Volvió a echarse, y se entretuvo contemplando con errante mirada las paredes de la habitación. Había allí un San José, cuadro grande, de familia, que como pintura valía poco, pero Moreno lo tenía en gran estima, porque estuvo muchos años en la alcoba donde él nació. Se asociaba a las impresiones de su niñez aquel santo tan guapote, reclinado sobre nubes, con su vara, su niño, y aquella capa amarilla cuyos pliegues hacían competencia al celaje. Se le refrescó de tal modo al buen caballero en aquel momento la memoria de su padre, que parecía que le estaba viendo, y oyéndole el metal de voz. A su madre no la había conocido, porque murió siendo él muy niño. También se acordó de cuando su hermana y él (aquella misma hermana viuda que allí vivía), iban a la casa del abuelito, en la Concepción Jerónima, cogidos de la mano. Y una tarde, al revolver la calle Imperial, se perdieron, es decir, se perdió ella, y él por poco se muere del susto. Pues un día que iba por la Plaza de Provincia, vio el burro de un aguador, suelto: el dueño estaba en la taberna próxima. Entráronle ganas a Manolito de montarse en el pollino, y como lo pensó lo hizo. Pero el condenado animal, en cuanto sintió el jinete salió escapado, y aunque el chico hacía esfuerzos por detenerlo, no podía... Total, que llegó hasta la calle de Segovia, muy cerca del puente. Y no fue que el burro se parara, sino que el jinete se cayó, abriéndose la cabeza. Todavía tenía la señal. Por suerte, los hermanos García, boteros, que tenían su taller de corambres debajo del Sacramento, y le vieron caer, le conocían, y recogiéndole, le llevaron a casa de su abuelito. ¡La que se armó allí! Acordábase D. Manuel de aquel lance como si hubiera ocurrido el día anterior; veía a su abuelito, D. Antonio Moreno, que todavía usaba chorreras, corbatín de suela y casaca a todas las horas del día. Hasta en el almacén (droguería al por mayor), estaba de frac. Pues luego vino el papá y estuvo dudando si pegarle o no... Lo peor de todo, fue que al asno no se le vio más el pelo, y la familia tuvo que pagar por él una fuerte indemnización. «Si parece que fue ayer» decía Moreno, tocándose la frente, en el sitio donde estaba la cicatriz.

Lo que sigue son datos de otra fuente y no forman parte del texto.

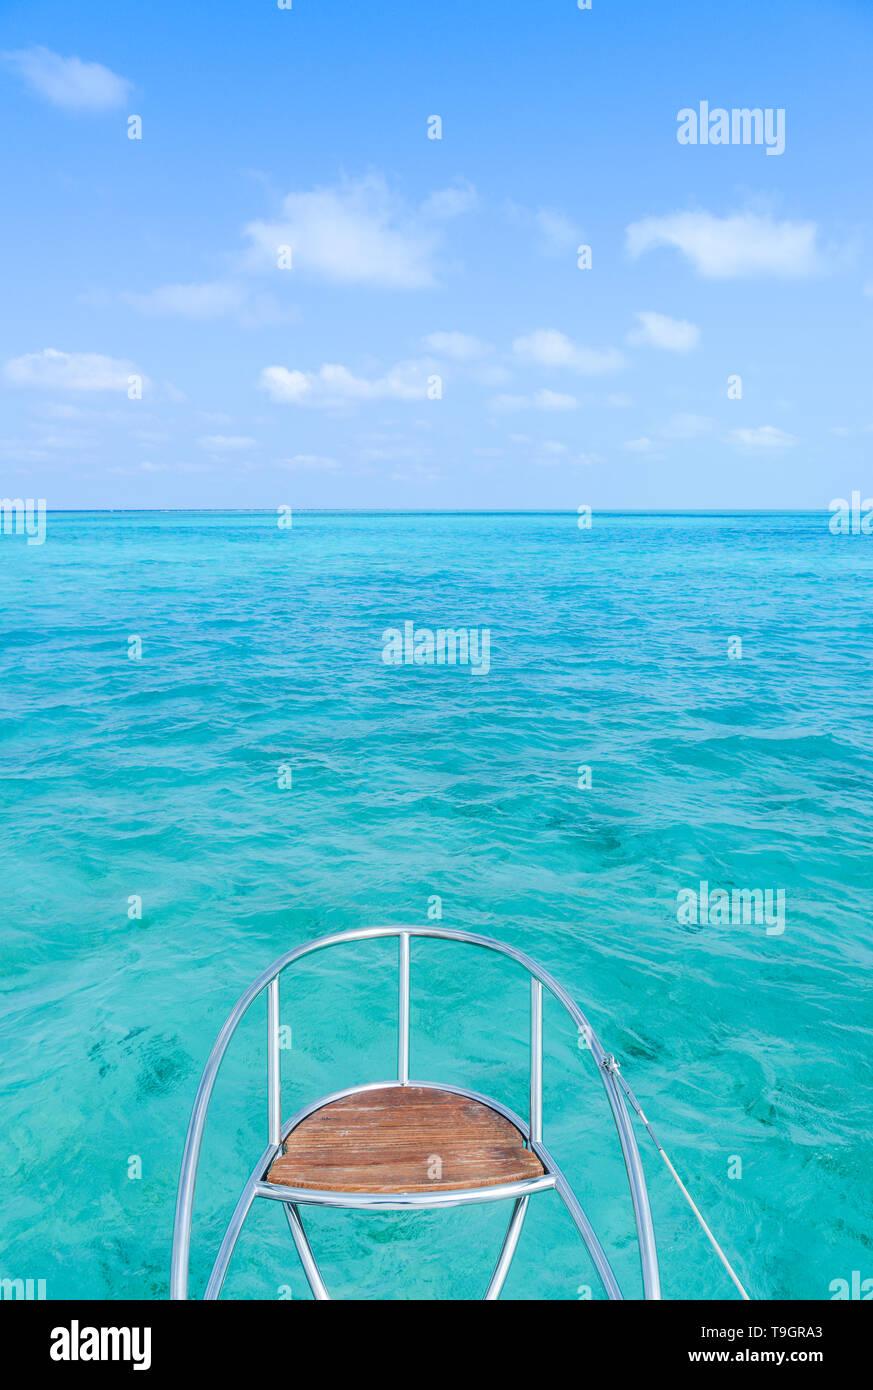 Sedile di prua in crociera catamarano, all'interno del Belize Barrier Reef, una serie di barriere coralline a cavallo tra la costa del Belize Immagini Stock

Cuando ya clareaba el día, sintió ruido en la casa; mas al punto comprendió lo que era. «Ya está en pie la rata eclesiástica. Ahora se va a oír siete misas lo menos... y a tratar de tú a la Santísima Trinidad. ¡Pobrecilla, qué sacará de eso!... Pero en fin, saque o no saque, es una felicidad ser así...».